#### [About this exercise]
Pictures do not belong in the copy. Output exactly the lines from the one containing "1 x Brand New" to the end of the listing below.

#### [Material provided]
┄┄┄┄┄┄┄┄┄┄
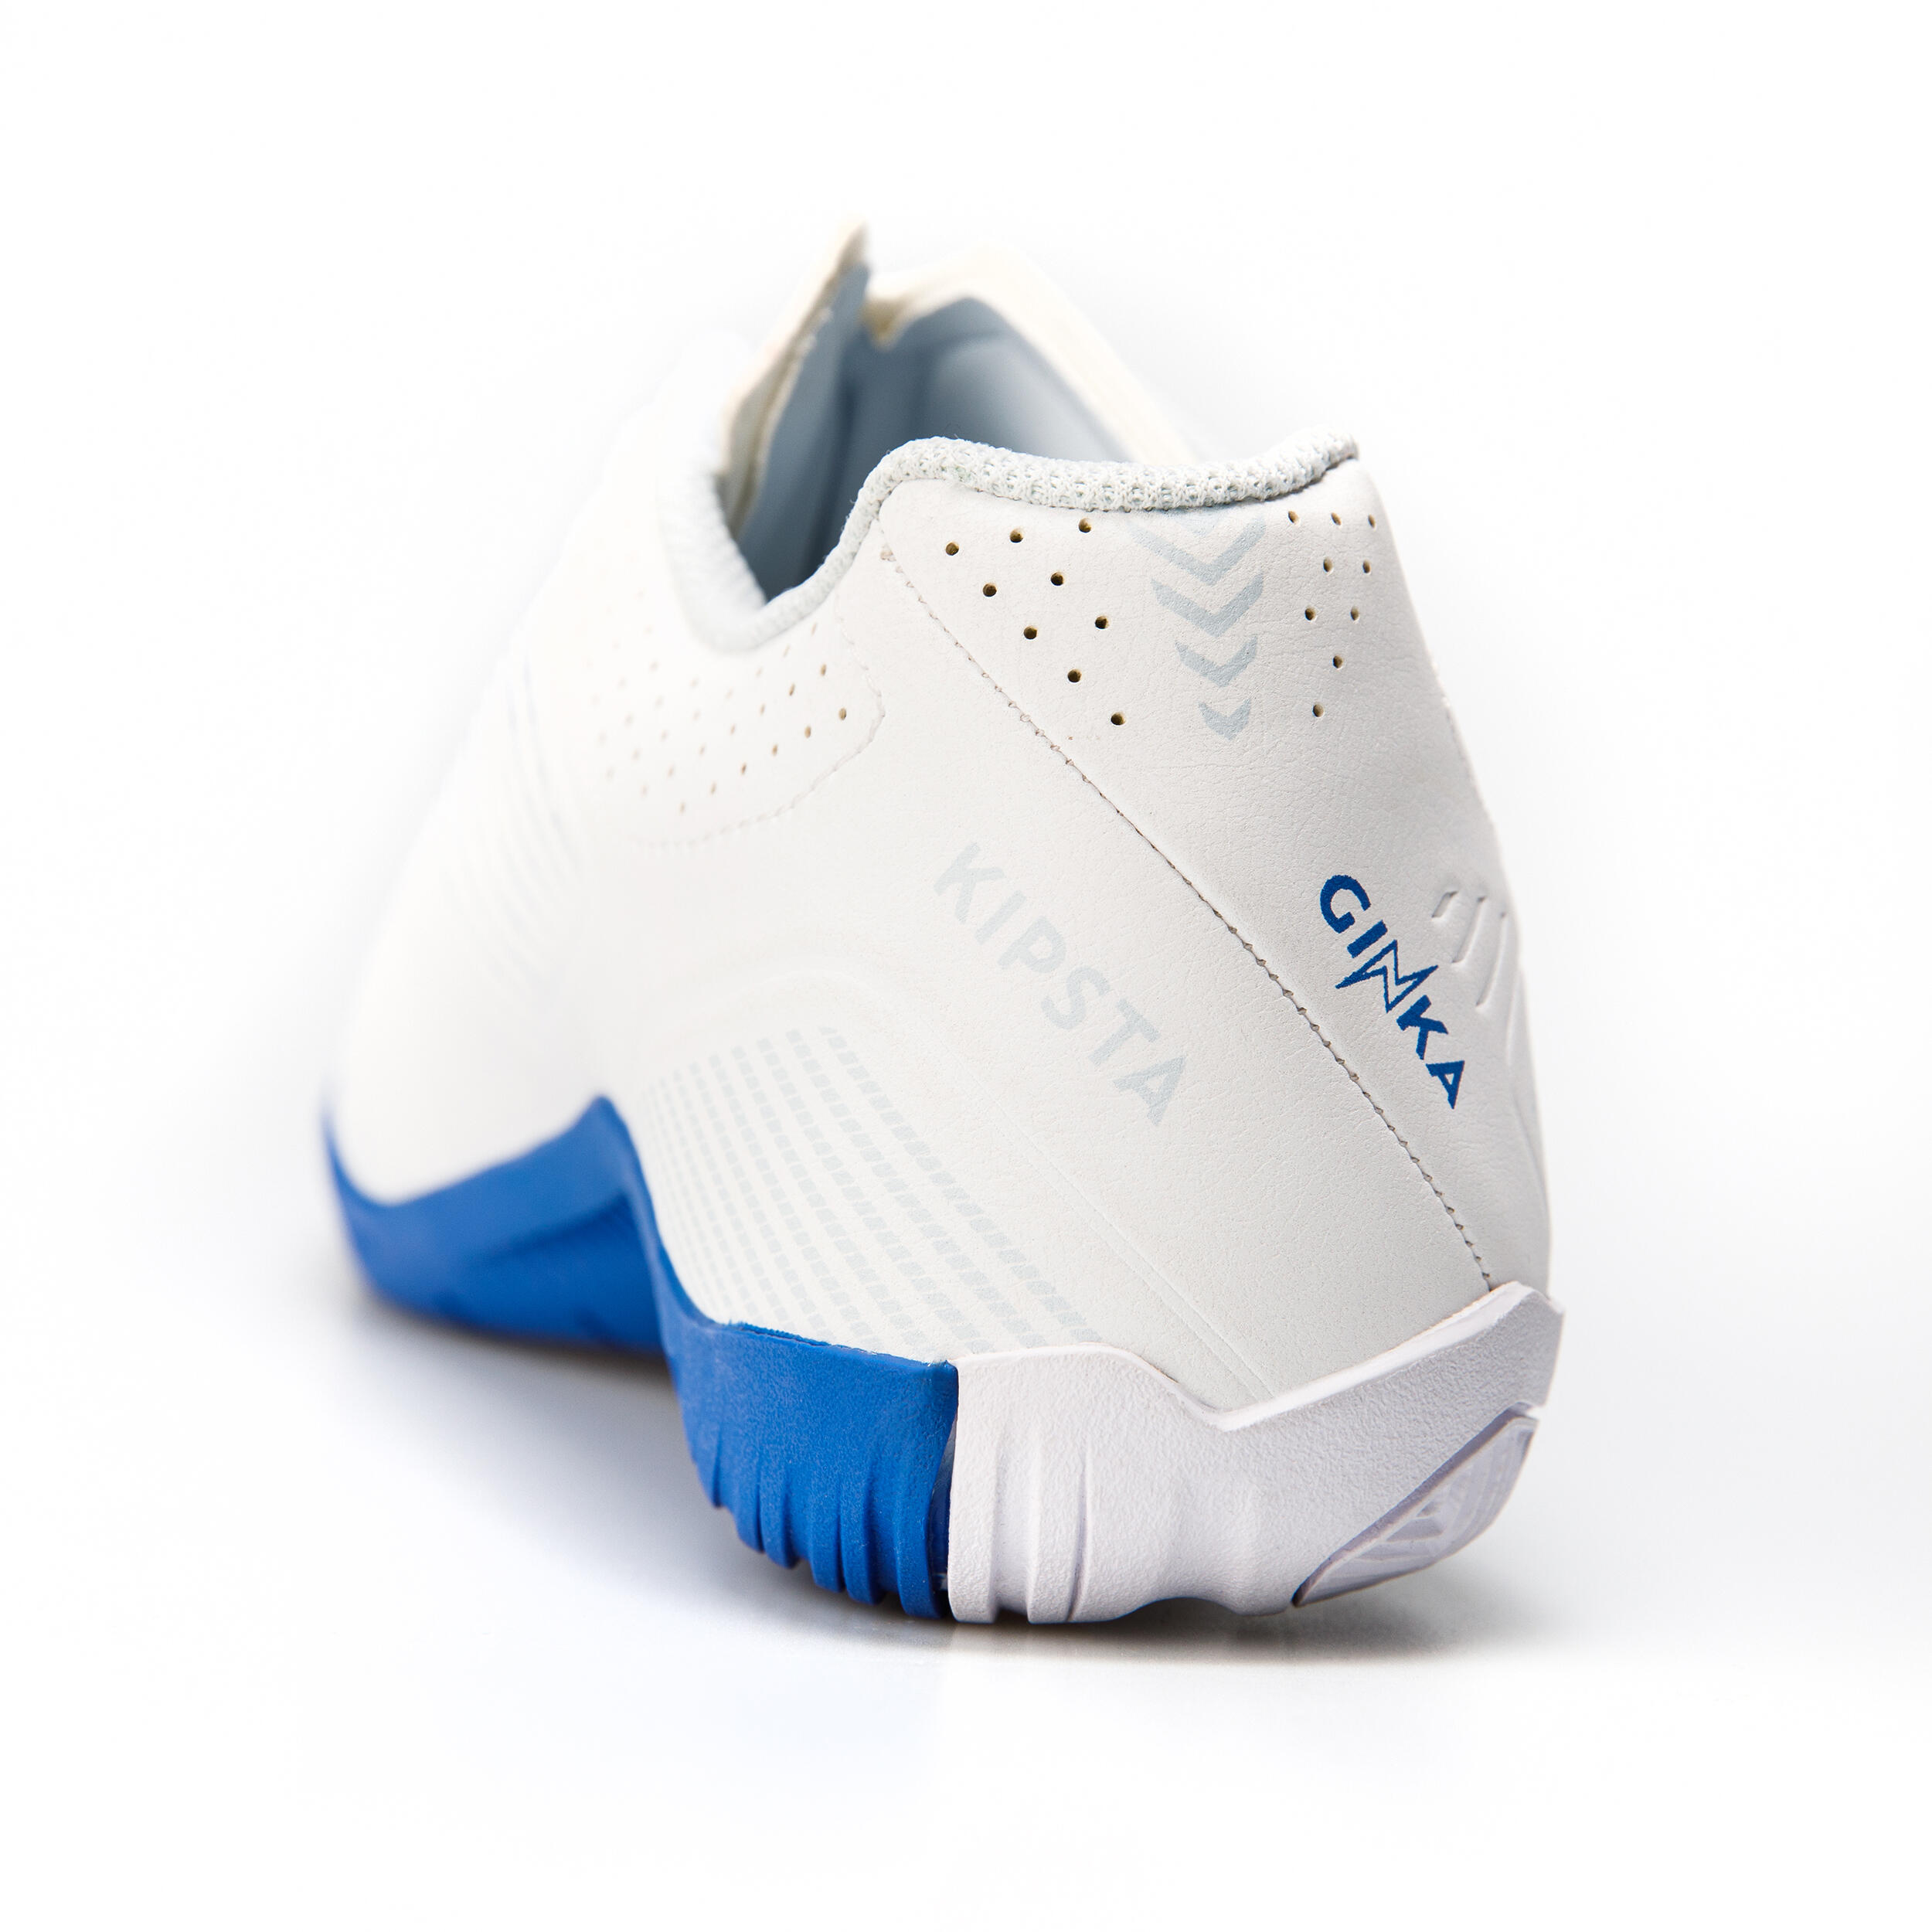 Futsal Trainers Ginka 500 - White/Blue 8/10
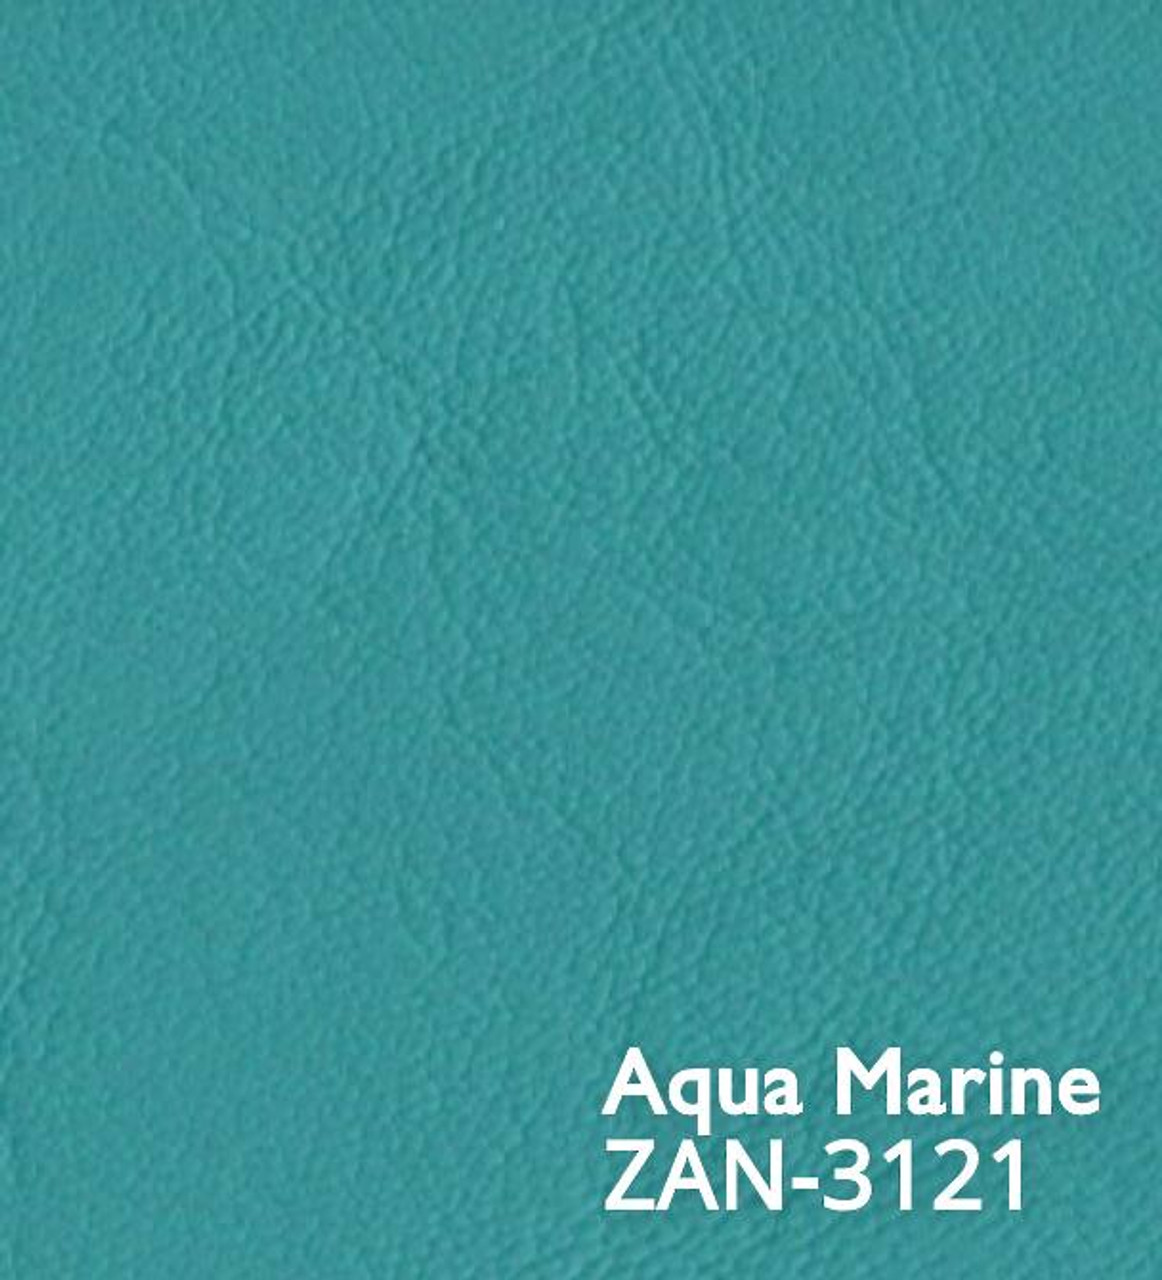 1 x Brand New Aqua Blue Tissue Paper 15 inch x 20 inch - 100 Sheets
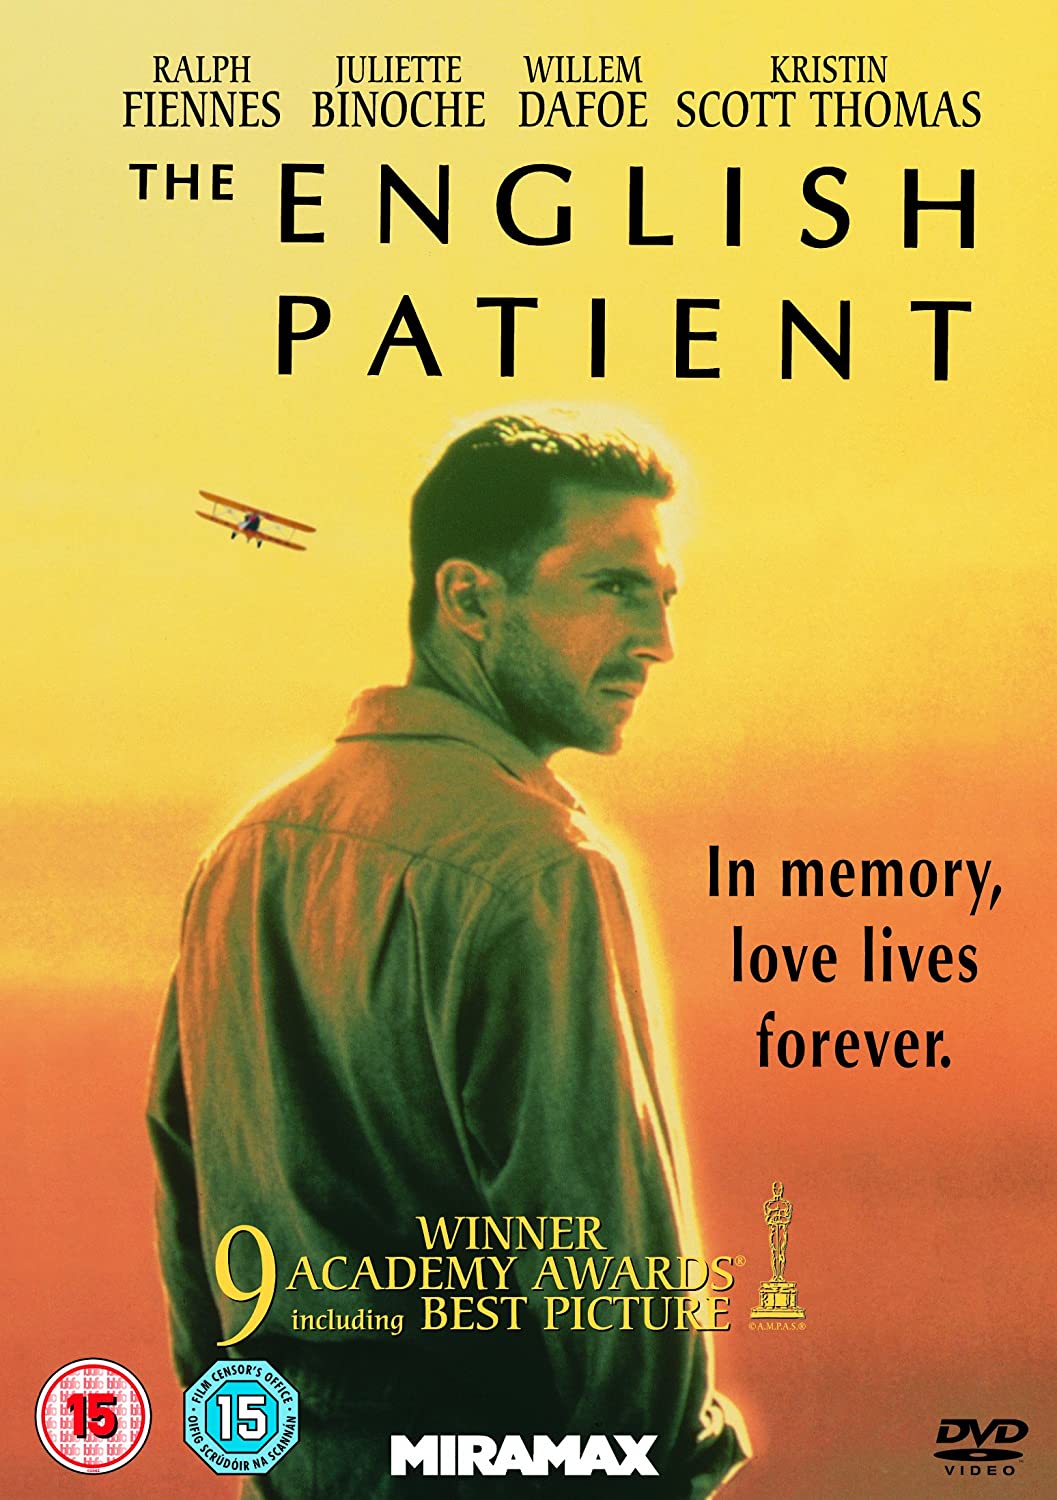 The English Patient - Romance [DVD]
┄┄┄┄┄┄┄┄┄┄
#### [Expected output]
 1 x Brand New Aqua Blue Tissue Paper 15 inch x 20 inch - 100 Sheets
 The English Patient - Romance [DVD]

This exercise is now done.